Gli Albertengo hanno “le mani in pasta” da circa due secoli.
La tradizione non si è mai interrotta: era panettiere il bisnonno di Livia e Massimo, Giovanni Battista, così come i nonni Michele e Lucia.
È stato panettiere il papà, Domenico, che, appreso il mestiere, seppe però intuire la grande trasformazione del secondo Dopoguerra in Italia, quel “miracolo italiano” che portò alla ribalta nazionale un dolce della tradizione locale: il Panettone.
La cultura del pane - che era sempre stato prodotto nel laboratorio di Torre San Giorgio con le farine locali, il lievito naturale rinnovato di giorno in giorno nell’impasto e cotto nel forno a legna - fu alla base della svolta all’epoca della ripresa degli anni Cinquanta.
Fino a quel momento il pane aveva rappresentato la base della dieta italiana: proprio dal pane il Panettone trae nome e origine.
In pochi anni il consumo di dolci non fu più considerato un voluttuario appannaggio delle classi agiate, ma entrò nella vita quotidiana di molti.
Gli Albertengo arricchirono la loro produzione con dolci da forno della tradizione: dapprima torcetti e savoiardi, che venivano caricati al mattino presto sulla Giardinetta di Domenico per essere venduti ai negozi vicini.
L’insegna del negozio cambiò: “Panetteria – Pasticceria di Domenico Albertengo”; si producevano anche biscotti all’uovo, paste lievitate, fette biscottate.
Insieme a Domenico, all’epoca giovanissimo, c’era la moglie Caterina, che lo affiancava e credeva in lui e nei suoi progetti. Ancora oggi, da presidente, Caterina segue con occhio attento le scelte, la crescita dell’azienda e dei nipoti Giorgia e Amedeo, figli di Massimo e futuri eredi della Albertengo.
Nell’autunno del 1950, in vista del Natale, Domenico Albertengo iniziò a impastare i primi Panettoni: 300 chili. Si era costruito una macchina apposta per farlo. L’anno successivo, sull’onda del successo dei primi, ne produsse cinque volte tanti, per 1500 chilogrammi complessivi.
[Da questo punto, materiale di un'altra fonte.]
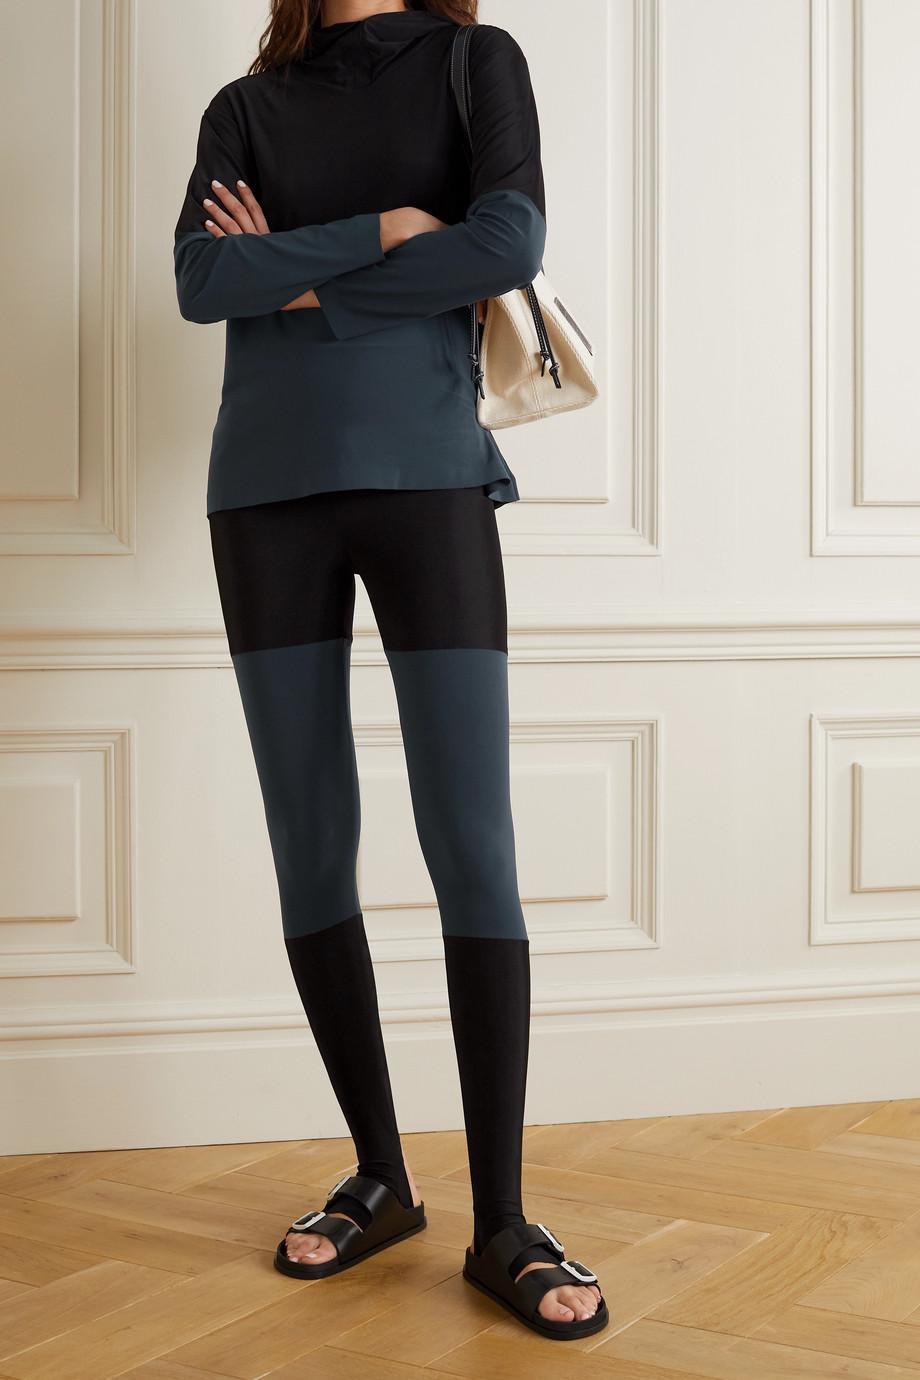 Norma Kamali Two-tone stretch-jersey stirrup leggings

Il Panettone piaceva: un articolo de La Domenica del Corriere del 18 dicembre 1960 metteva in luce come tutti i Panettoni che gli italiani mangiavano in un anno (13 milioni di chili), messi uno sopra l’altro, avrebbero raggiunto l’altezza del campanile di Giotto a Firenze. E soprattutto, nella graduatoria del consumo medio annuo nelle varie regioni, il Piemonte conquistava il primo posto (365 grammi pro capite) davanti a Lombardia (311 grammi) e Trentino Alto Adige (309 grammi).
La produzione di Panettoni, fino agli anni Sessanta, si svolse nella vecchia casa del nonno, nel centro di Torre San Giorgio e affiancò la panetteria.
Ma c’era un motto che distingueva Domenico Albertengo: “Nelle processioni o canti o porti la croce, se no ti manca il fiato. Le due cose insieme non le puoi fare”. Insomma, la filosofia di fondo era quella della specializzazione, così nel 1988 la produzione di Panettoni prese il sopravvento e Albertengo divenne un’azienda monoprodotto.